A broader context remains salient. The reliance on reaction mass has constrained mission architectures for a century. New propulsion modalities that reduce or eliminate propellant would reshape spacecraft design, on-orbit logistics, and deep-space ambitions. Yet precisely because the stakes are high, standards of proof must be equally high. Buhler’s team has presented a structured empirical case that, if borne out by independent verification, would warrant sustained attention from both the aerospace and physics communities. Until then, a balanced posture is clear: skepticism aligned with rigorous inquiry, openness to anomaly aligned with disciplined methods, and an insistence on reproducibility as the gateway from intriguing claim to accepted capability.
Key Moments
- 00:00Dr. Charles Buhler says he has long sought alternatives to reaction mass propulsion and spent decades examining momentum transfer, including hidden momentum, to find a way to move objects without expelling propellant.
- 15:14Buhler clarifies his role at NASA (lead of the Electrostatics and Surface Physics Lab at Kennedy Space Center) and states his propulsion work is not a NASA project; he outlines the lab’s safety-driven electrostatics portfolio and notes NASA flight heritage on lunar dust mitigation (EDS) hardware.
- 20:13He cites two published contributions to electrostatics: demonstrating the absence of brush discharges in high vacuum (contrary to prior assumptions), and showing triboelectric polarity depends on particle dynamics rather than size alone.

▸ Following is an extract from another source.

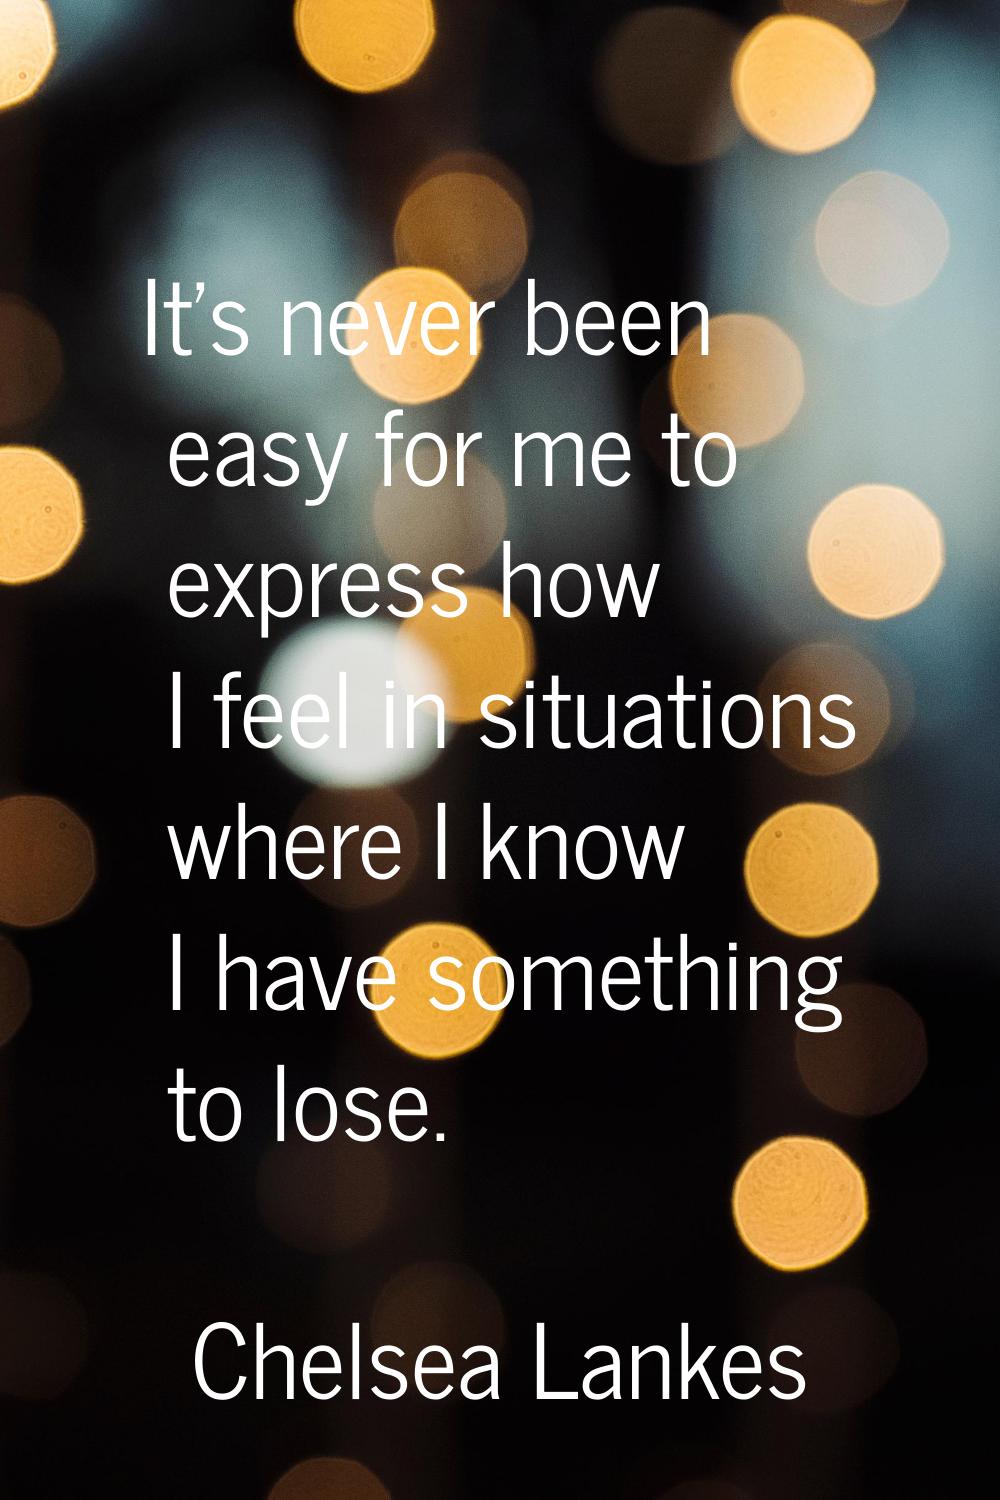 It's never been easy for me to express how I feel in situations where I know I have something to lo

- 32:19Buhler recalls first observing an anomalous force in 2010 during a lab test that prompted immediate interest from a senior electrostatics mentor, initiating a series of follow-on experiments.
- 35:19After connecting with engineer Andrew “Drew” Arijima, the pair founded Exodus Propulsion Technologies; an early sealed-needle setup produced visible motion, prompting joint development and systematic testing.
- 39:43Claimed thrust levels are in the millinewton range (including 5–10 mN in some configurations), which Buhler argues is directly useful for satellite station-keeping, orbital transfers, and microgravity applications.
- 45:06He emphasizes high-vacuum testing and robust shielding: DC operation to minimize magnetic artifacts, Faraday cages to confine fields, and careful layouts to avoid chamber-wall attractions and ion wind confusion.
- 55:05An in-air scale test at roughly −480 V shows a controllable lift effect near 0.1 g (about 1 millinewton), reversible by flipping the thruster orientation; a second demonstration in high vacuum shows a spinner deflection (~14 mm) equating to roughly 2.5 mN, with grounded ITO shielding and wireless actuation to eliminate external couplings.
- 01:01:07Buhler reports close to 2,000 experimental variations across multiple test articles, asserting repeated observations across pendulum, rotator, spinner, and scale setups with controls for false positives.
- 01:03:42He plans a live demonstration at the Electrostatics Society of America conference in Cocoa Beach and encourages independent replications; some third parties report achieving millinewton-scale effects from his public how-to materials.
- 01:28:37Patent pathways are active; Buhler notes the U.S. patent examiner’s office is conducting a rigorous technical review and acknowledges the possibility of national security restrictions under the Invention Secrecy Act.
- 01:33:33Arguing the effect likely requires a quantum description, Buhler proposes a quantum electrodynamics framework involving higher-order perturbations and virtual exchanges to account for an electrostatic pressure and volume force not captured classically, citing observations of force persistence after power is off.
- 01:41:01Buhler recounts being approached about NASA’s UAP effort and expresses surprise that an instruments-focused group reportedly had no physicists involved, highlighting broader concerns about scientific staffing in UAP inquiries.
- 02:02:26Theoretical physicist David Chester commends the experimental breadth but cautions that momentum conservation and the non-physical nature of certain scalar modes in QED demand care; he recommends deeper analysis of perturbative orders, renormalization, and alternative classical limits.